The night time economy is worth 6% of UK gross domestic product or £66 billion annually, according to figures from the Night Time Industries Association. 

In 2017, the night time economy started to get the attention it deserves - London appointed its first ever ‘night tsar’ (Amy Lamé), the Royal Vauxhall Tavern received important planning protections, and the Tube got up and running through the small hours. It featured at a range of our events, including last year’s RTPI Planning Convention and Planning Out’s birthday celebrations. Plus we’ve raised its profile through The Planner.

But planning for it hasn’t always been well thought through. Many cultural venues are rapidly disappearing. Across the UK, 44% of night clubs shut between 2005 and 2015 and 25% of pubs closed from 2001 to 2016. The reasons for these declines are varied.

The night time economy is worth 6% of UK gross domestic product or £66 billion annually, according to figures from the Night Time Industries Association. 

And it is not just about ‘pubs and clubs’ but about the broader night time economy. Deliveries, as Amy Lamé pointed out, are the largest employer of the night economy, while the opening of the Night Tube provided a £170 million boost to London with a further expansion of services this year.

Planning's role

Planning has a key role to play in ensuring a thriving night time economy. For a start, having a pub, club or other cultural venue designated as an asset of community value would help protect the venue’s use from future development. 

S106 agreements - the contributions developers make to local infrastructure and services - could be a way of funding new venues and facilities. A pub in East London, the Joiners Arms, was to be redeveloped into housing until City Hall intervened to negotiate a provision for a LGBT cultural space in the new development. 

New regulation

The 'agent of change ‘regulation, already in force in Wales and shortly in Scotland, ensures new developments take account of all existing uses. The House of Commons recently approved a bill to enact this regulation in England and the London Mayor has promised for it to be included in the next London Plan.  

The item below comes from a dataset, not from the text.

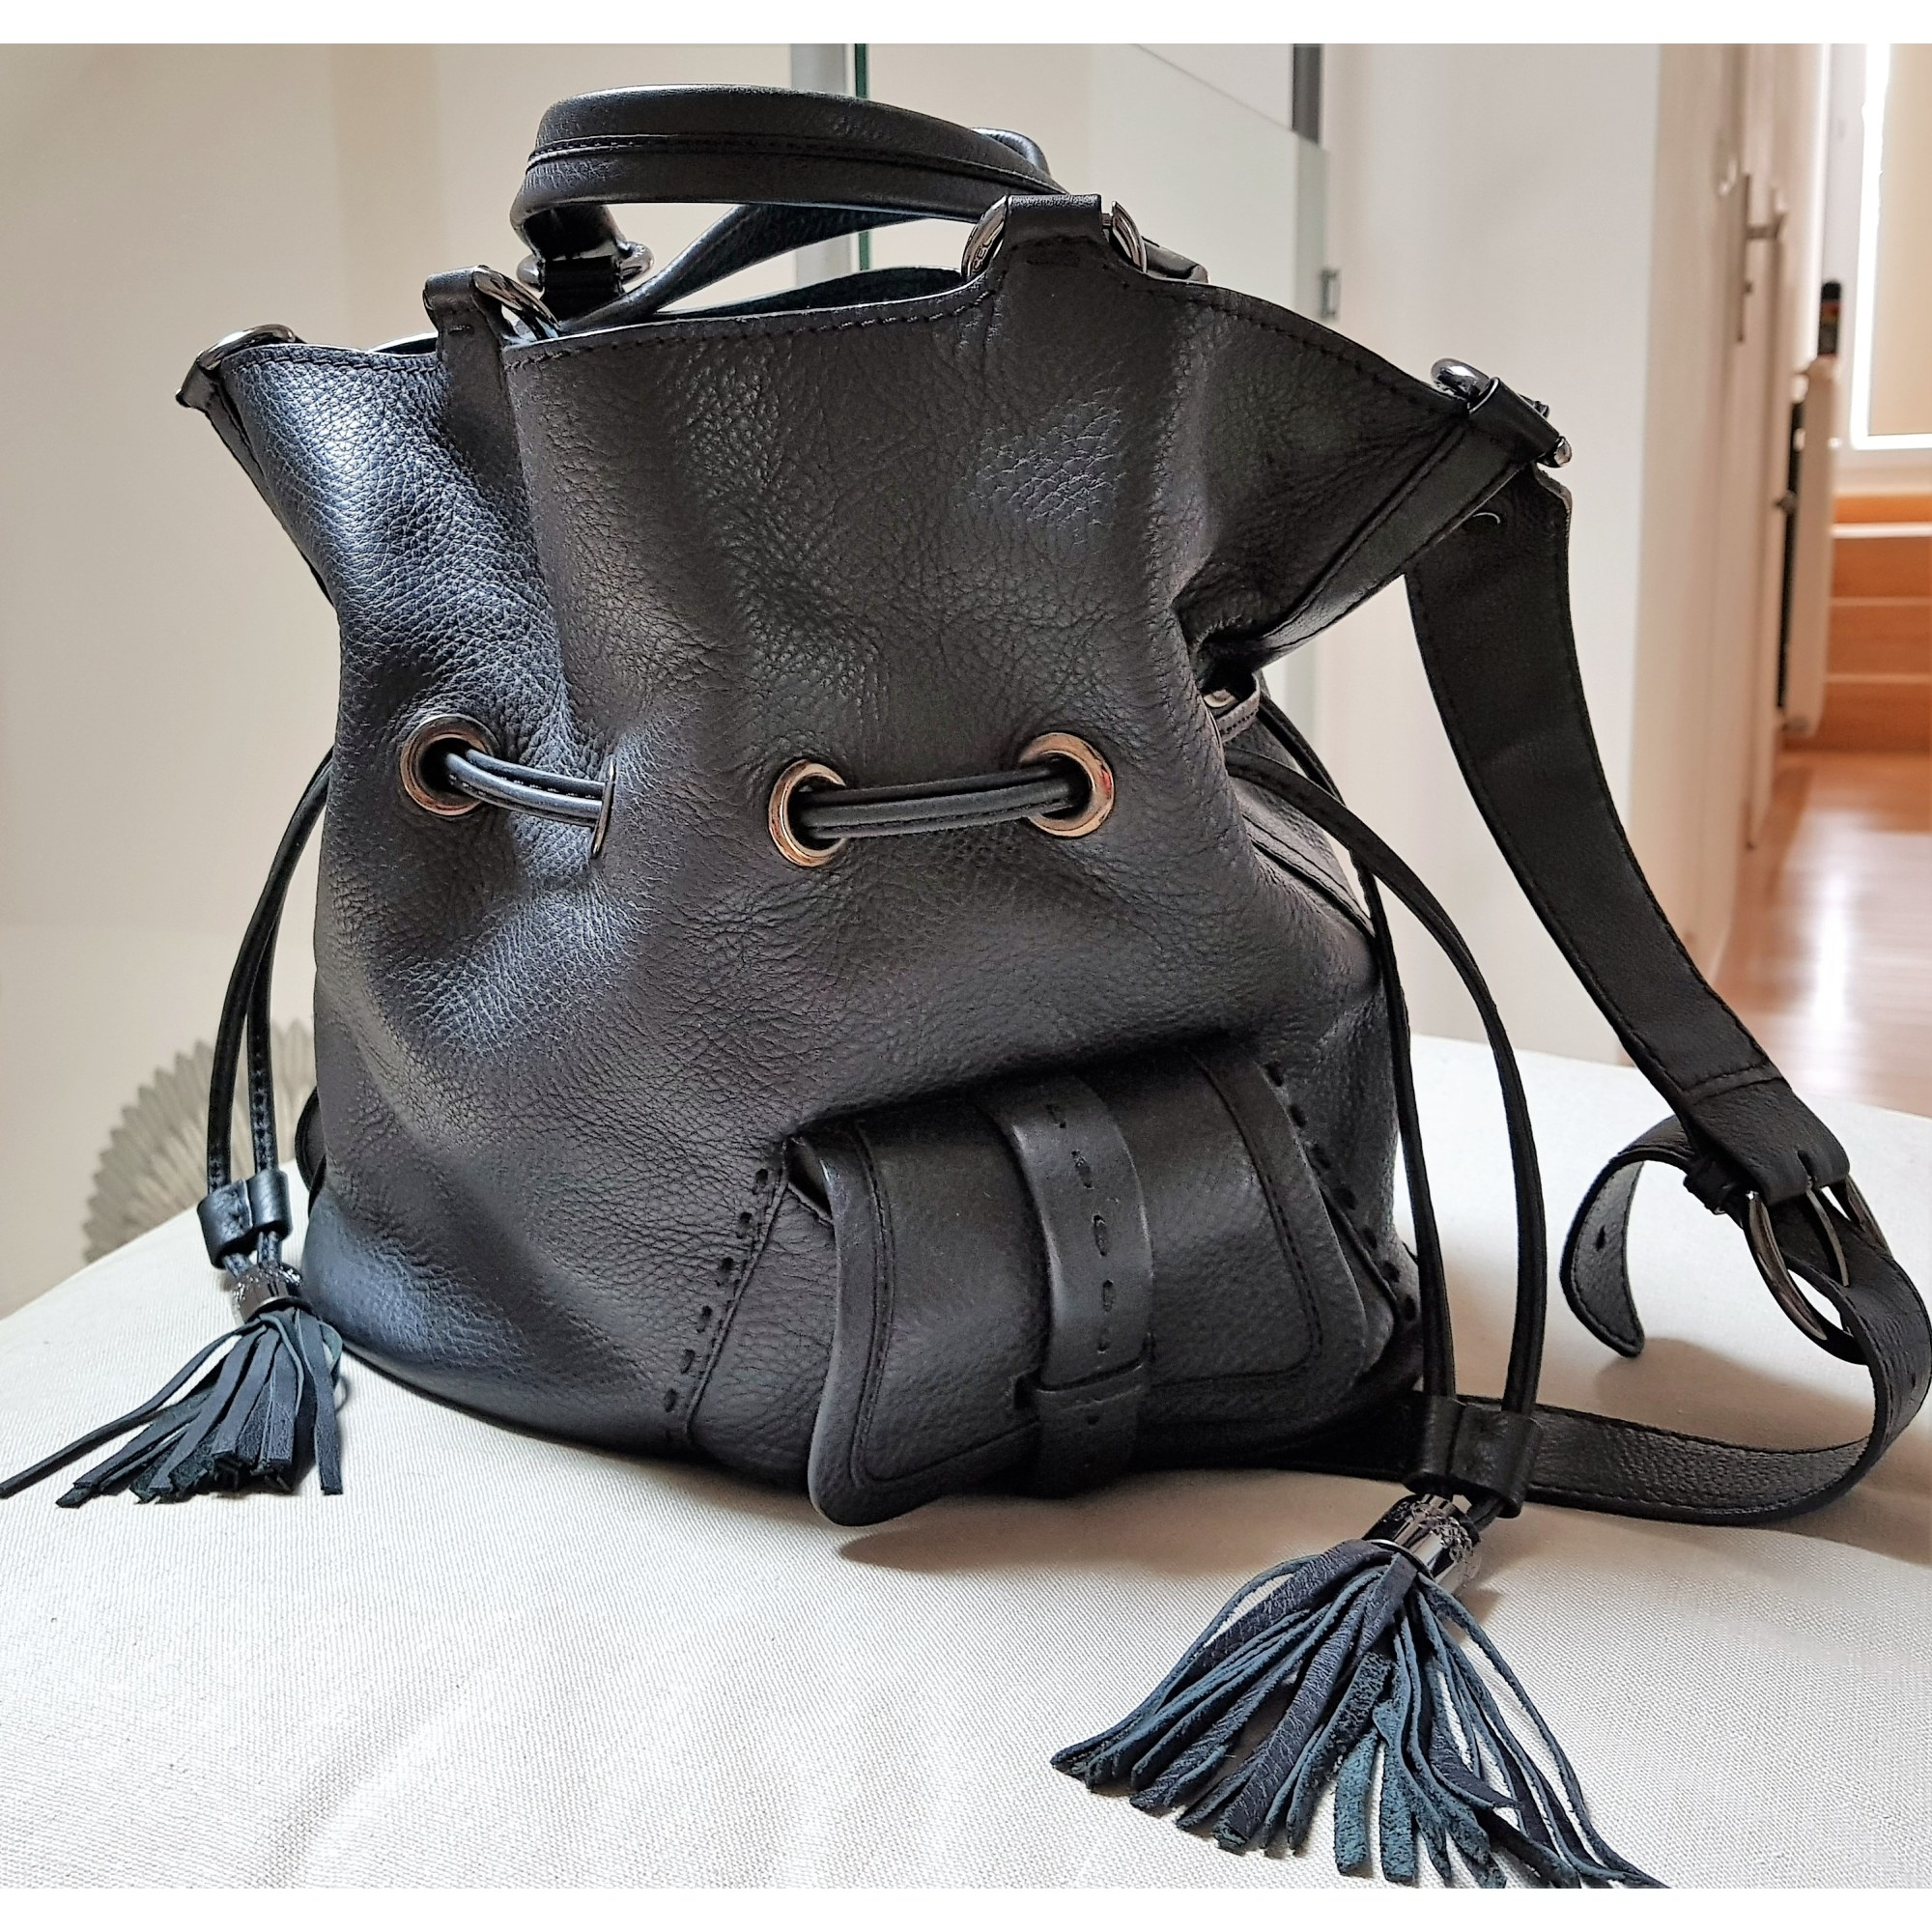 7989b7ed044 Sac à main en cuir LANCEL 1er flirt noir vendu par Sabine 24291689 ...

It means new developments will have to consider how they can peacefully co-exist alongside existing night venues, helping to put a stop to residents in new residential developments complaining about noise from existing venues and potentially closing them down.

Culture and night time economy

Embedding a strategy to promote culture in Local Plans and Town Centre Strategies can also make a difference to the success of an area's night economy. These plans, while implemented and written by planners, require political vision and leadership to be successful. The recently released draft London Plan contains, for the first time, a section for culture and heritage in addition to City Hall’s existing Supplementary Planning Guidance on culture and the night time economy.

Tackling negative perceptions

But planning is only part of the story. Night time activities are often perceived negatively by residents.  Amy Lamé sees a large part of her role as ‘myth busting. Noise and crime are the two most common concerns raised with her, to which she responds saying the biggest noise complaints received are from neighbours (complaining about each other), and that overall crime rate is down. Only 4% of crimes happen on the Night Tube, according to British Transport Police.

City Hall is also using their ‘convening powers’ to bring local government, police, residents and business owners together to break down prevailing negative attitudes and build momentum around a shared vision for a vibrant, 24-hour London.

In 2018, the night economy is only going to grow in importance as places look to replace struggling retail strips with a mix of restaurants, bars and cultural venues. In London, the night economy is set to grow by £2 billion over the next two years. Manchester, New York and Paris are all considering appointing night tsars.

Now is the time to think about how your profession can contribute to ensuring a thriving night time economy that works for everyone.